Sunday, 23 November 2014

Review: A Couple of Beauties (1972, Francis Searle)

 

Coming across like a cash strapped Northern cousin of Dick Emery’s ‘Ooh… You Are Awful’ film, A Couple of Beauties offered a one-shot stab at film stardom to female impersonator Bunny Lewis, and is set right in the heart of the Mancunian club land and variety circuit that Lewis knew well. As with the Emery film, a crime thriller premise is what pushes its hero into a frock and high heels here. Lewis plays Bernie Lewisham, a barman who witnesses his boss being gunned down by gangsters in London, and as a result has to flee to his native Moss Side in Manchester with the bad guys in hot pursuit.

Rather than coming up with an effective way of doing a disappearing act, such as putting out a story that you’ve been garrotted by a contract killer then high-tailing it to a Greek island, Lewisham’s spivvy agent Tim Baxter has the idea that Lewisham should reinvent himself as a drag act under the name ‘Bunny Lewis’. An unorthodox scheme that would not only grant Lewisham much needed incognito but conveniently also keep him on Baxter’s books. Despite Lewisham’s protests “me in drag…no…cobblers…not bloody likely” a drag star is soon born, but while finding fame under a feminised version of his name might temporary keep him off the gangsters’ radar, Baxter’s plan has unforeseen consequences. For not only does Lewisham have to reign in his heterosexual urges around the female entertainers he rubs shoulders with in the clubs, he also finds himself the target of lechery and gets hit upon by a series of men played by the likes of James Beck, plus special guest stars Bernard Manning and Colin Crompton. Should Lewisham throw in the towel on the drag act and risk exposing himself to the gangsters, or keep up the pretence of being a woman and risk being exposed to Bernard Manning exposing himself. What is a boy to do?

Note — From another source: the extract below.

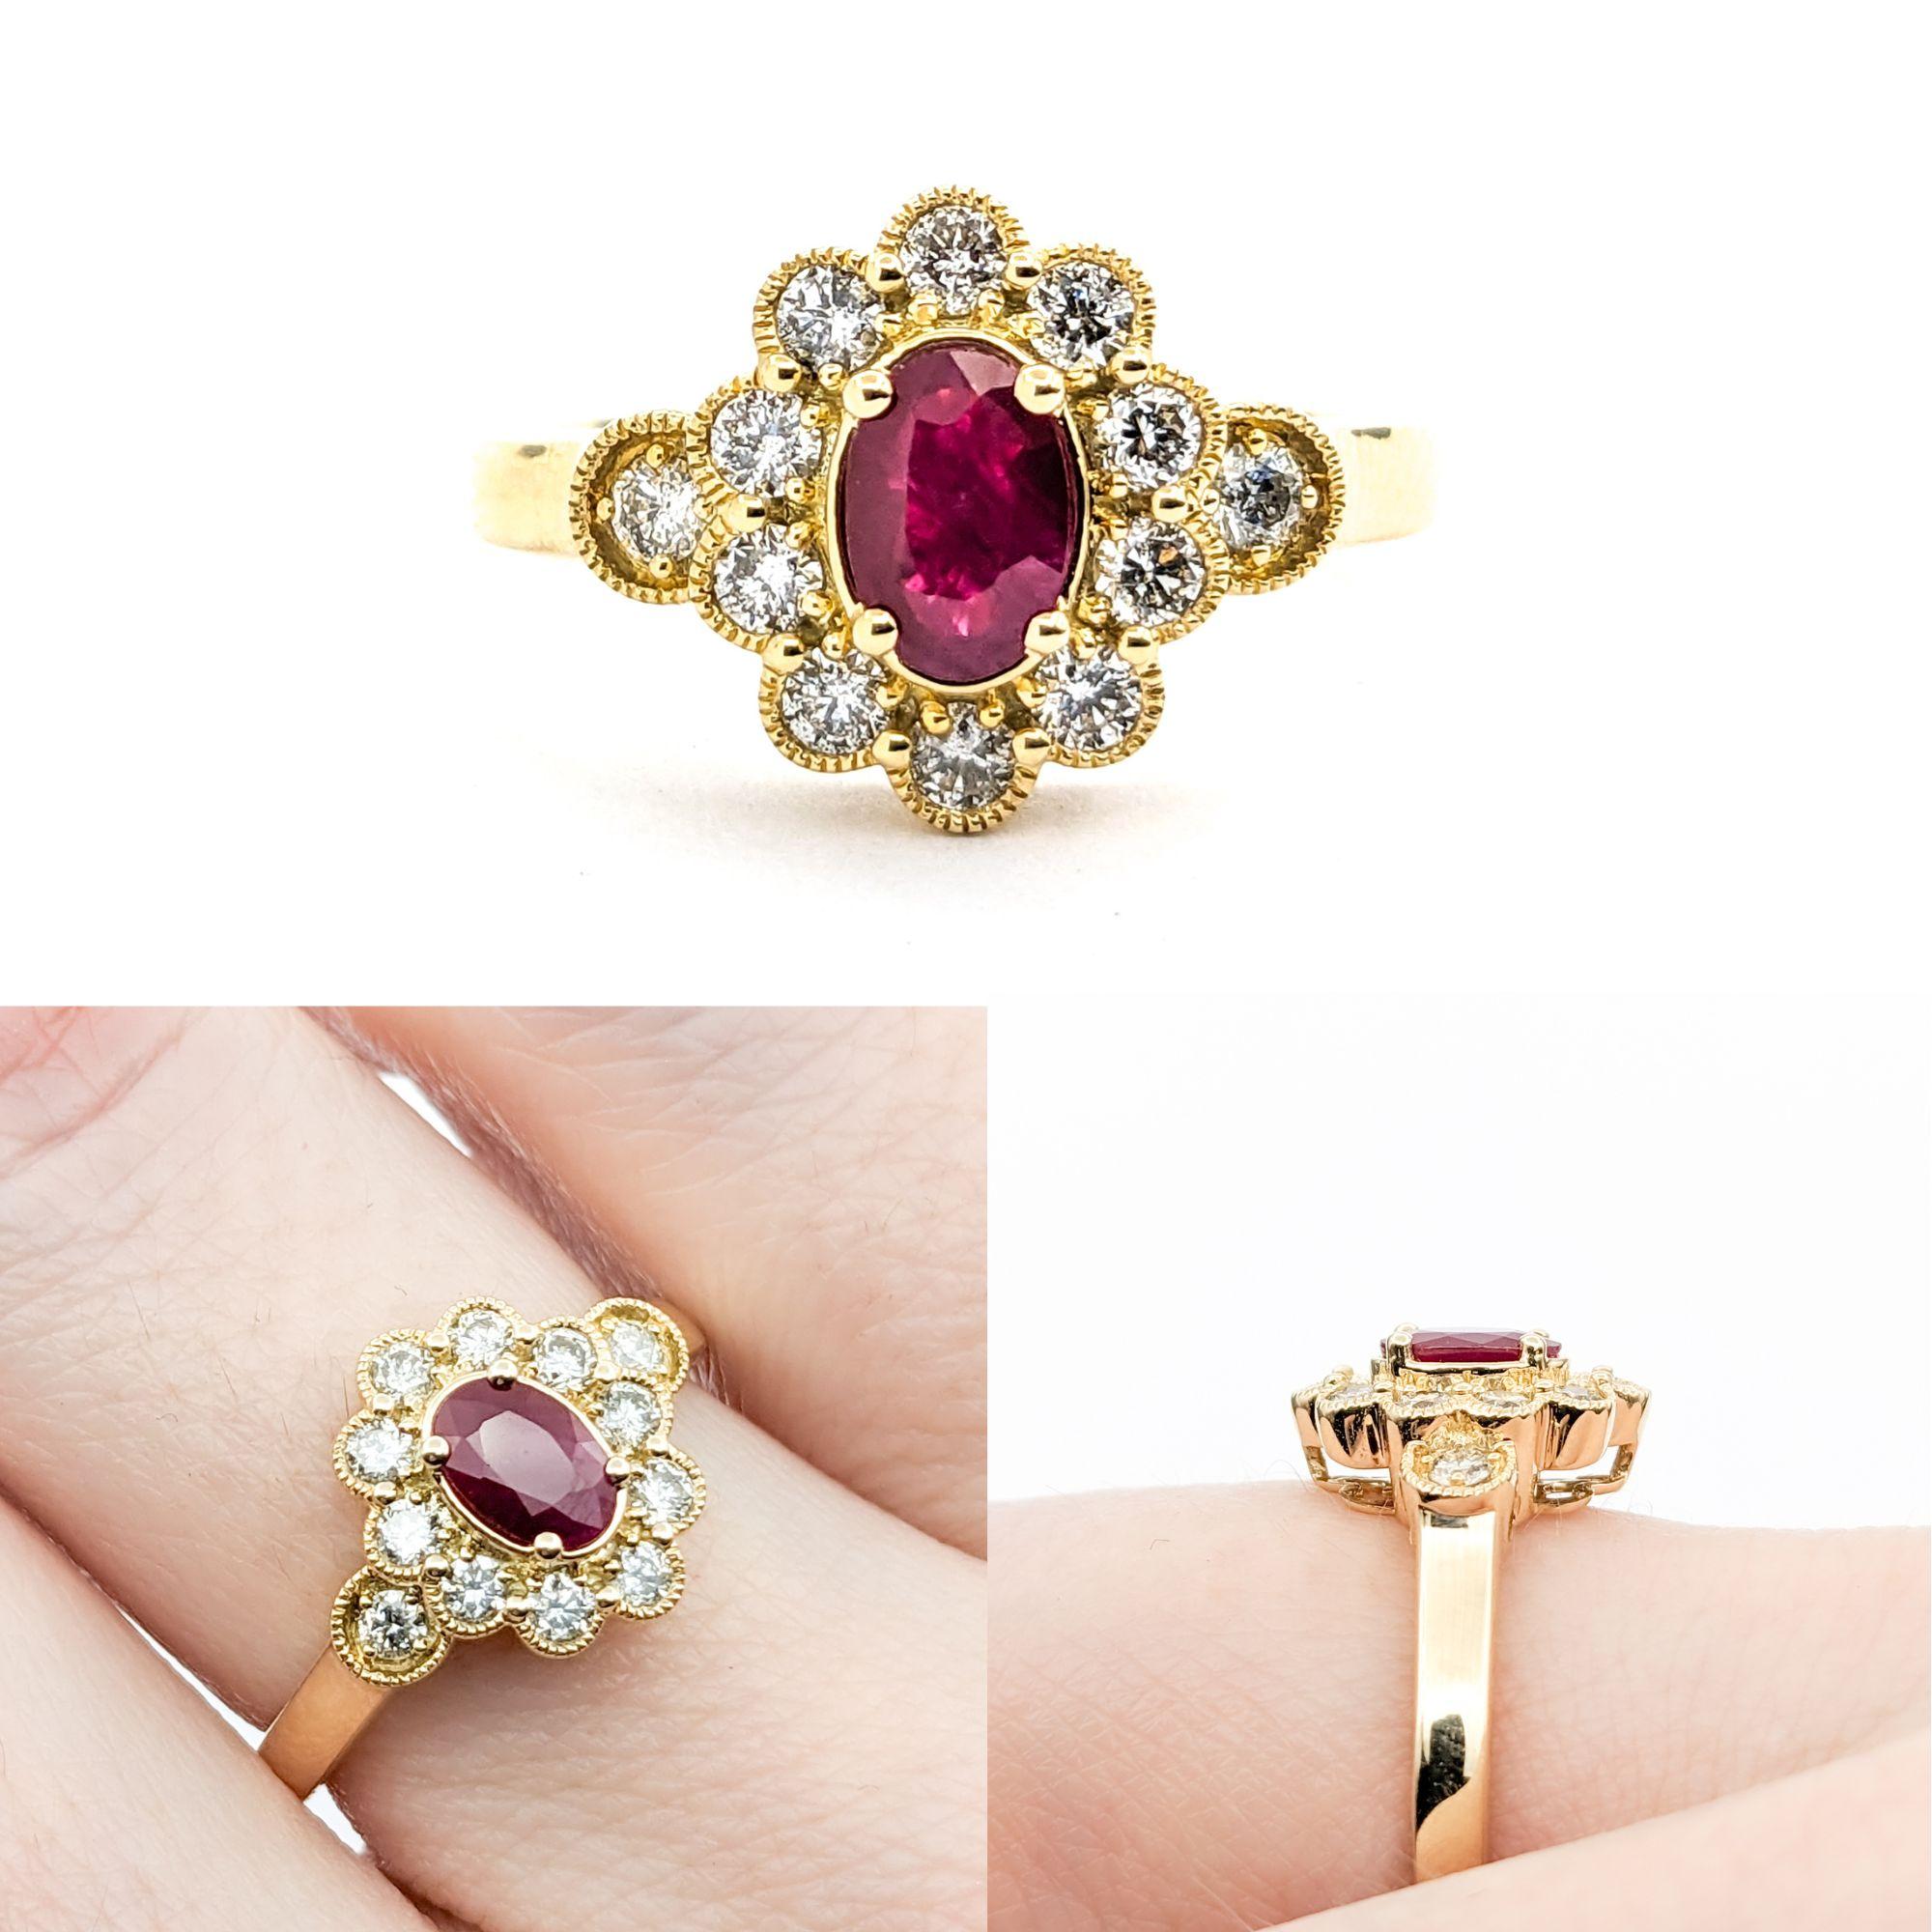 0.50ct Ruby & 0.41ctw Diamond Ring In Yellow Gold

Crafted in lustrous 14kt yellow gold, this elegant ring showcases a captivating 0.50ct ruby centerpiece, encircled by 0.41ctw of round diamonds. The diamonds, with their SI clarity and

Both director Francis Searle and co-producer Ronald C. Liles had form making B-level crime thrillers for the likes of Butchers Films in the 1950s and 1960s, and the early scenes in A Couple of Beauties tend to find them caught up in a time warp. The opening murder scene and its nightclub setting being especially ‘Butchers-esque’, a tone that spills on over into the subsequent run around London. Once the setting transfers to Manchester however, Searle and Liles get seduced away from their usual cinematic fare in favour of showcasing the type of variety acts that were doing the rounds in early 1970s Manchester. Namely a toothless toga wearing old goofball pretending to be Mark Antony in a Cleopatra themed turn (with Lewis dragged up as Cleo) and an all-girl pop band whose lack of rhythm and unemotional swaying about on stage is the film’s highpoint in terms of unintentional hilarity. All just evidentially an average night out on the town in Manchester back then, but a history lesson now in what people did for entertainment back in those pre-internet, pre-X Factor days.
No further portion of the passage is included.